» **Aim of the task**: In the records below, find the line containing "Board Game SVG" and the line containing "Cravatta sfoderata in lana e canapa, verde". Give again exactly those lines and every line between them, omitting the pictures.

» **Data extract**:

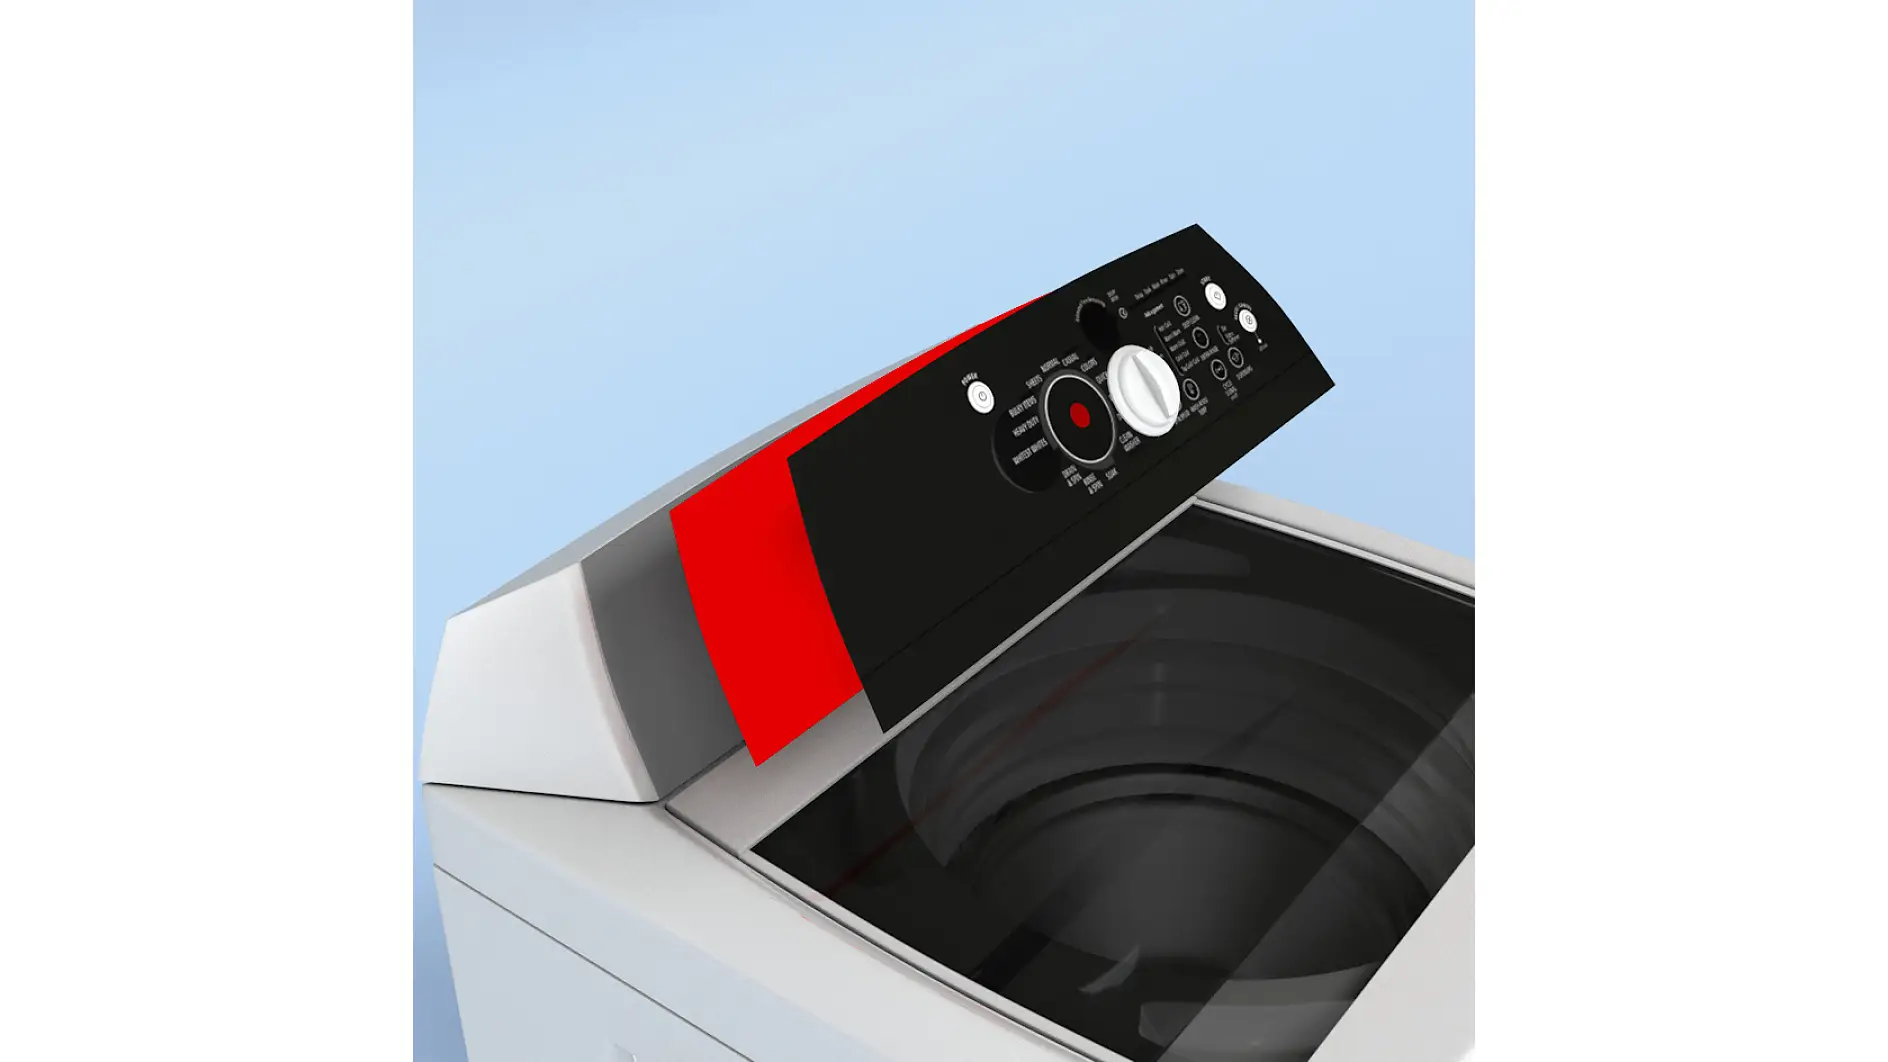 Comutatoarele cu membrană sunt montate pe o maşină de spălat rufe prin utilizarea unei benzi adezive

---

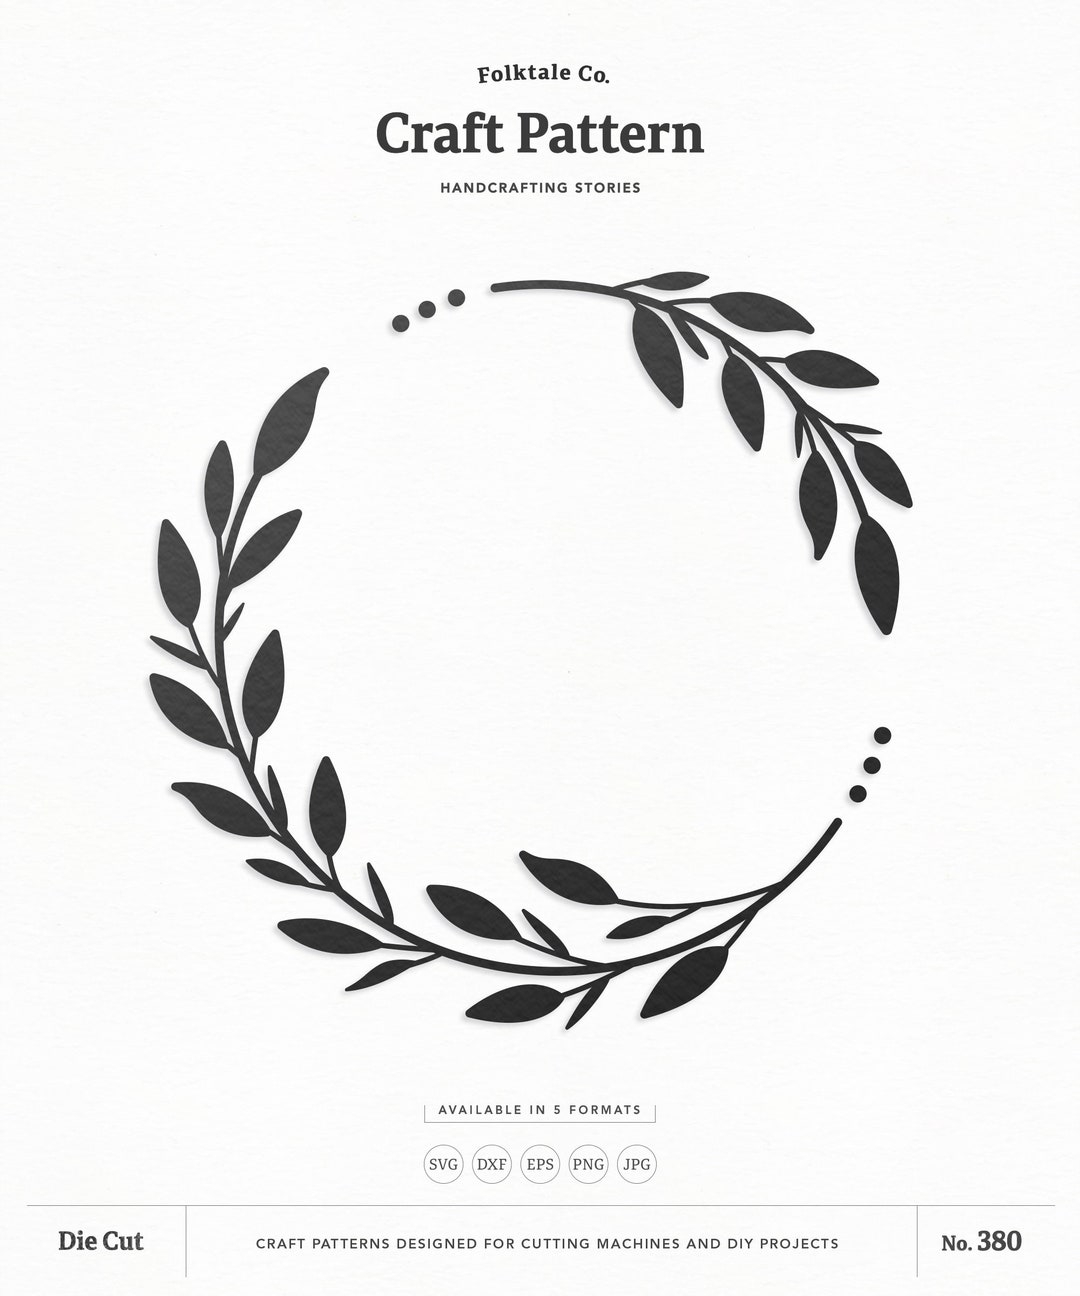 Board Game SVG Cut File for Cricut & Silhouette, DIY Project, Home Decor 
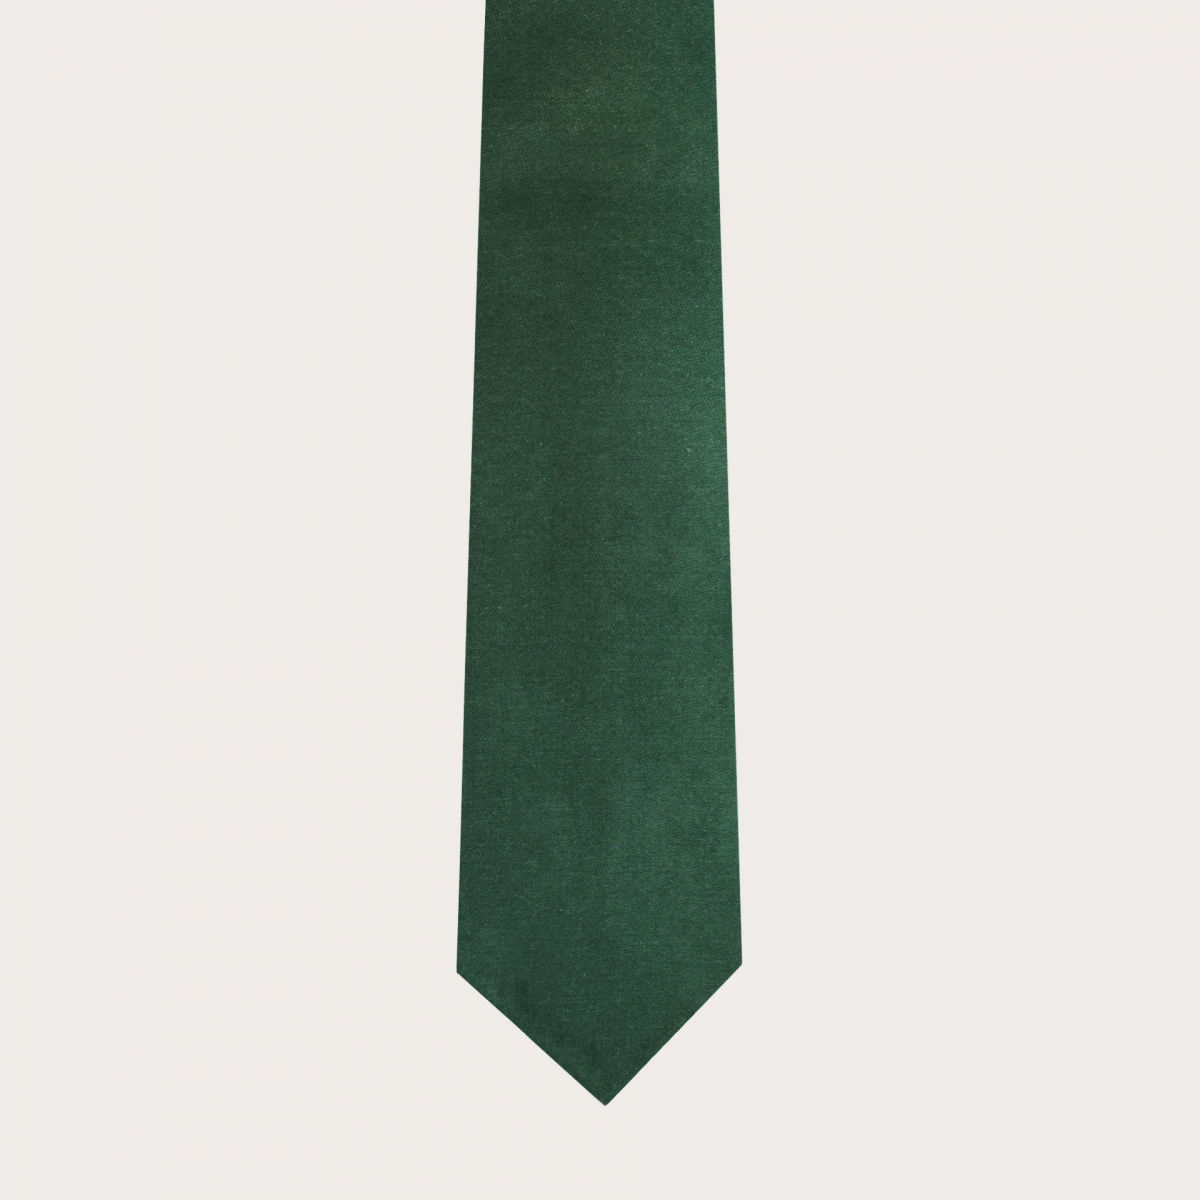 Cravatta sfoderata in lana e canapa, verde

» **Solution for this exercise**:
 Board Game SVG Cut File for Cricut & Silhouette, DIY Project, Home Decor 
 Cravatta sfoderata in lana e canapa, verde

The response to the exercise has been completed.